Factories are changing, in these times of the digital economy. Work is naturally changing too, as it retains its primary role in a well-balanced economy (in addition to the aim for a just society, as our Constitution proclaims, where indeed Article 1 refers to it: “Italy is a democratic Republic, based on work”). And as a result the representations, the stories about work are changing too. And therefore industrial relations, contracts, regulations, and salaries should also change. How so? This is described in a slim but very thorough, well-presented book, with an elegant cover in Playfair display font printed in red and in blue on a white background and bearing the fundamental title: “The future of work”.

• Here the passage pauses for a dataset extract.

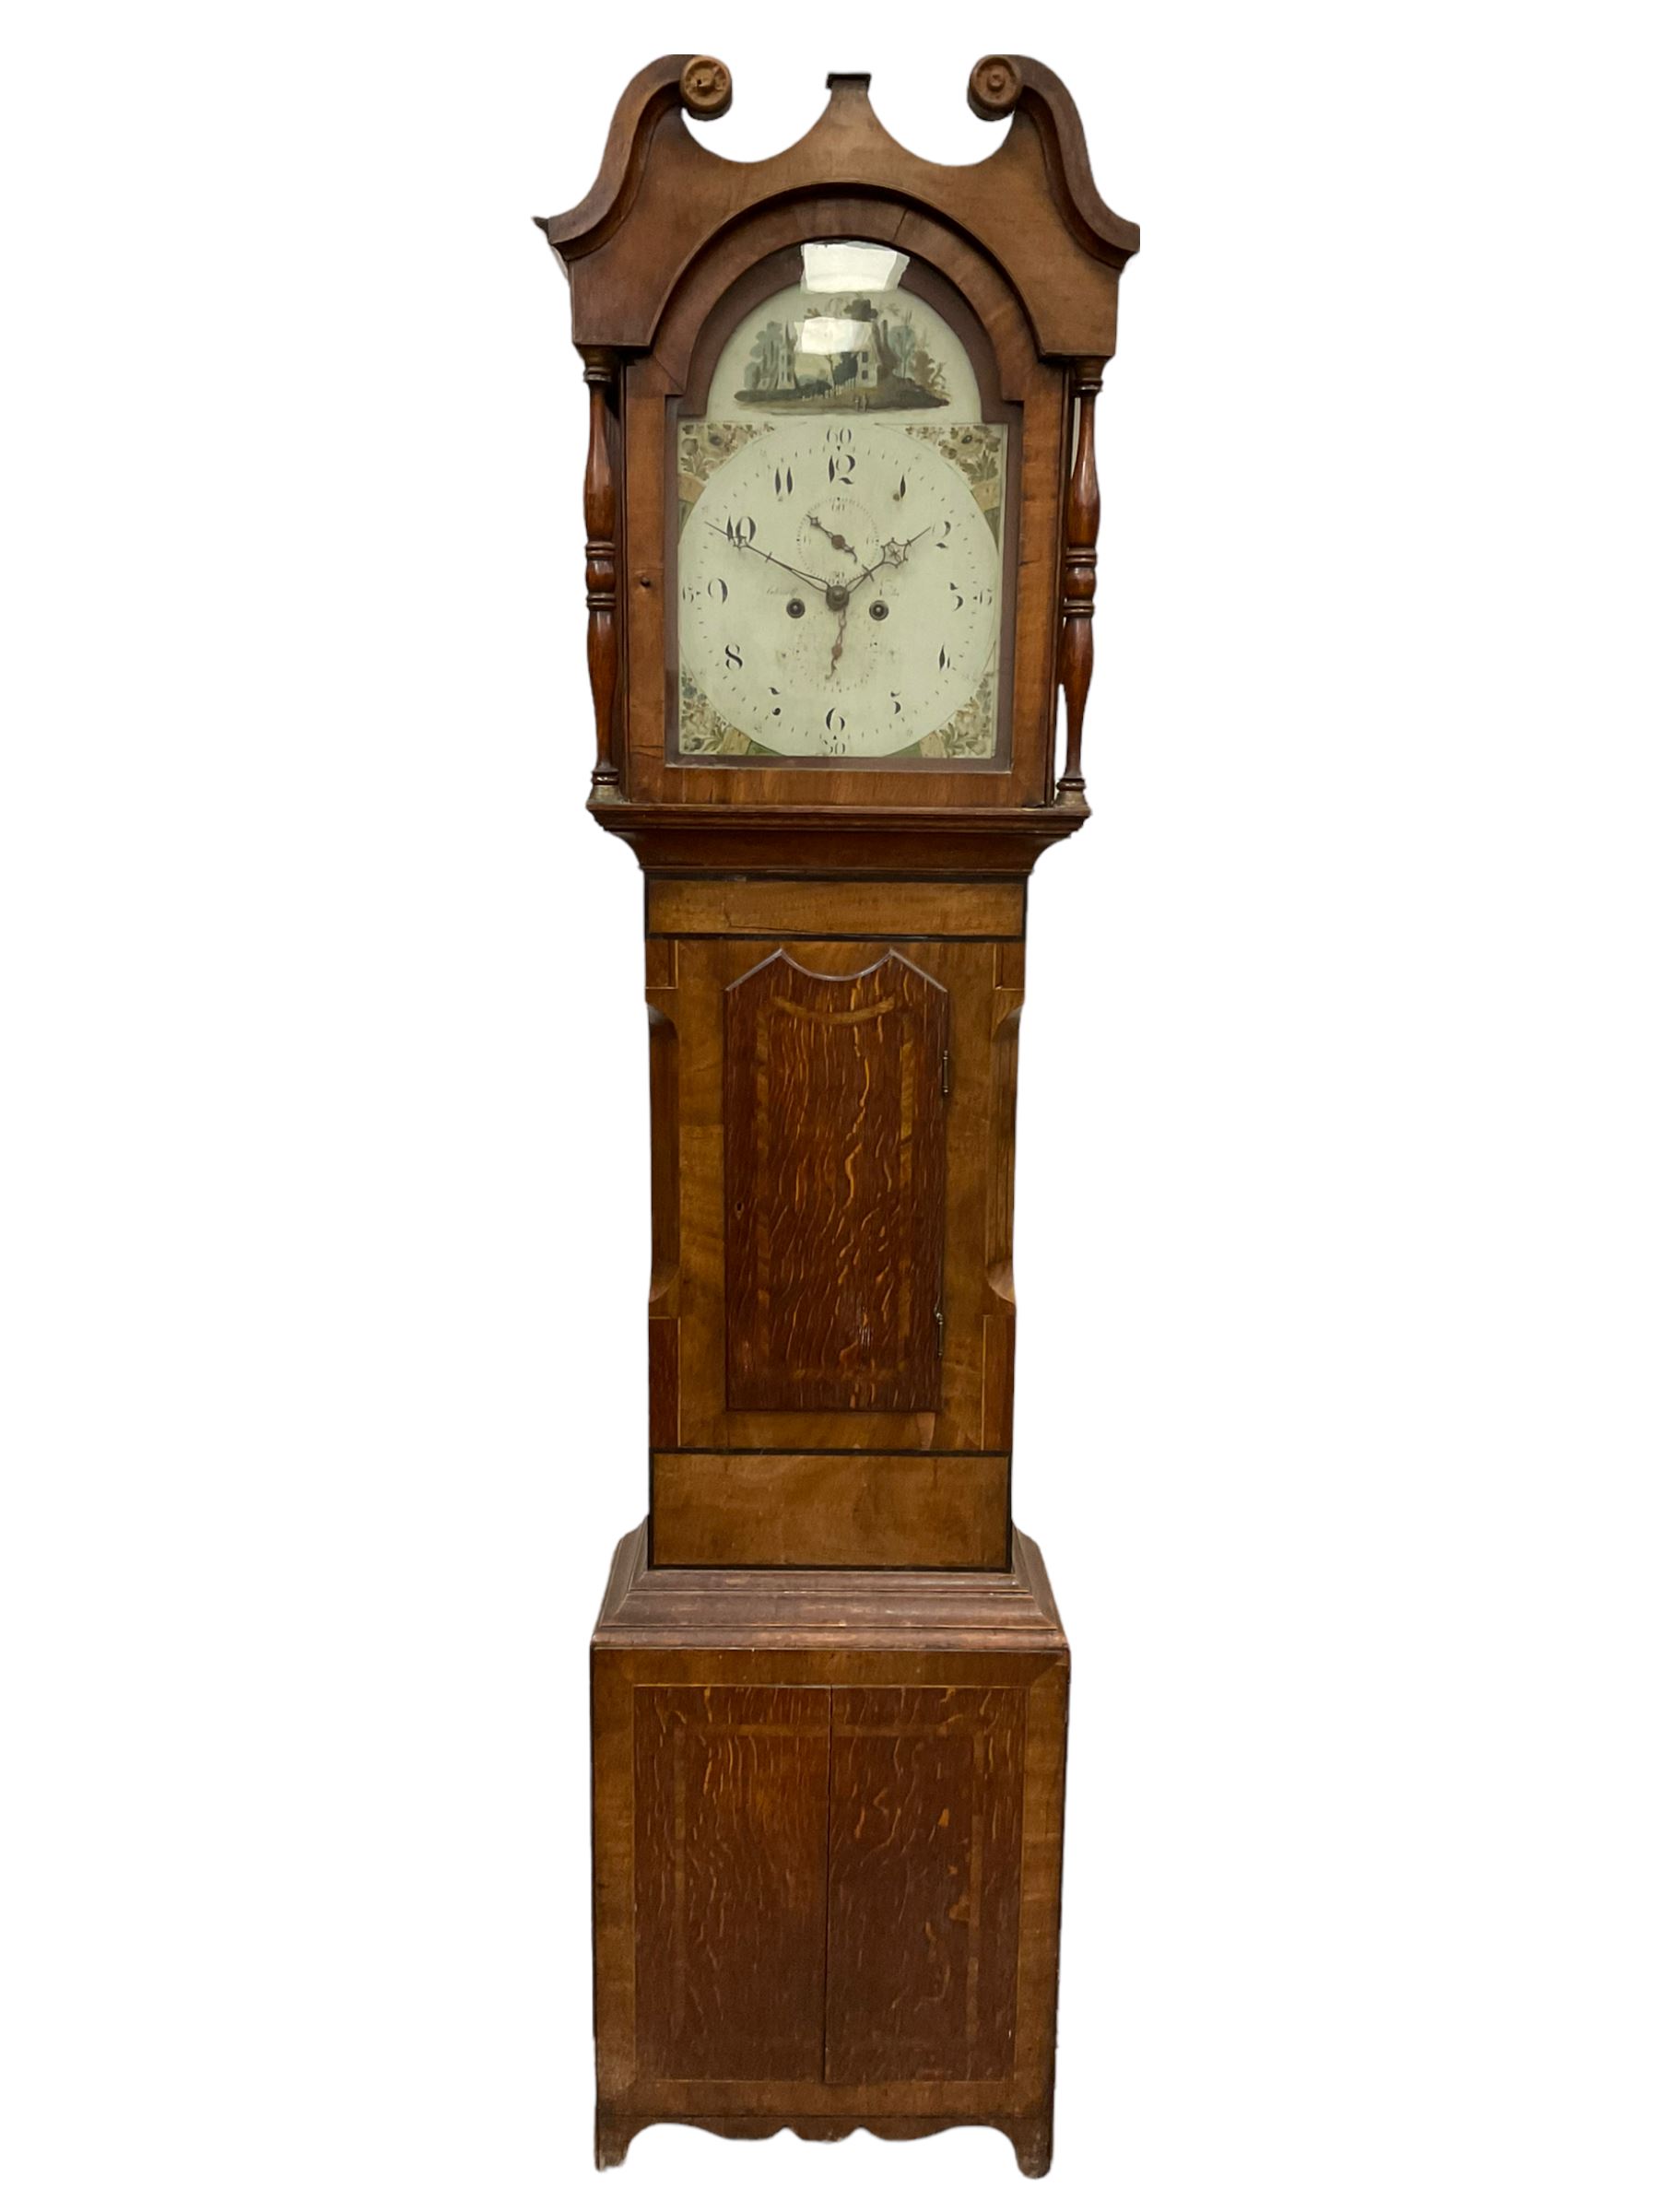 An Oak and Mahogany longcase clock with a Swans neck pediment and break arch hood door flanked by tw

It is a “white paper” by Assolombarda, the first of a series (the next, in September, will deal with tax), curated by the Centro Studi Adapt under the scientific supervision of Michele Tiraboschi, one of the best Italian work jurists (he teaches at Modena University and was one of the closest colleagues of Marco Biagi, who was assassinated in March 2002 by the Red Brigades specifically for his courageous reforming views about working rights). And it was presented last week in Milan by Carlo Bonomi, the chair of Assolombarda and by Mauro Chiassarini, vice-chair (with responsibilities for workplace, security and welfare policies).

This is the point: work as the top of the bill, as a major economic and social subject, an instrument of personal dignity, and a basic feature of citizenship in a strong relationship between rights and obligations. Work to be defended, as it follows and – why not? Work to be defended, as it follows and – why not? –   anticipates the trends occurring in manufacturing dynamics (with all the necessary training, from the alternating system of college/job to training on the job and to lifelong learning or, to put it another way, to the obligation to study continuously, in order also to work better and to understand the meaning of the work one is doing). But also work to be created, by innovating and forming businesses, following the path shown by start-ups and above all, making them grow: Milan can provide exemplary stories of this. Certainly, not work to be replaced by strange interventionist ideas: the citizen’s income dear to the hearts of the 5-Star Movement is anathema to Assolombarda.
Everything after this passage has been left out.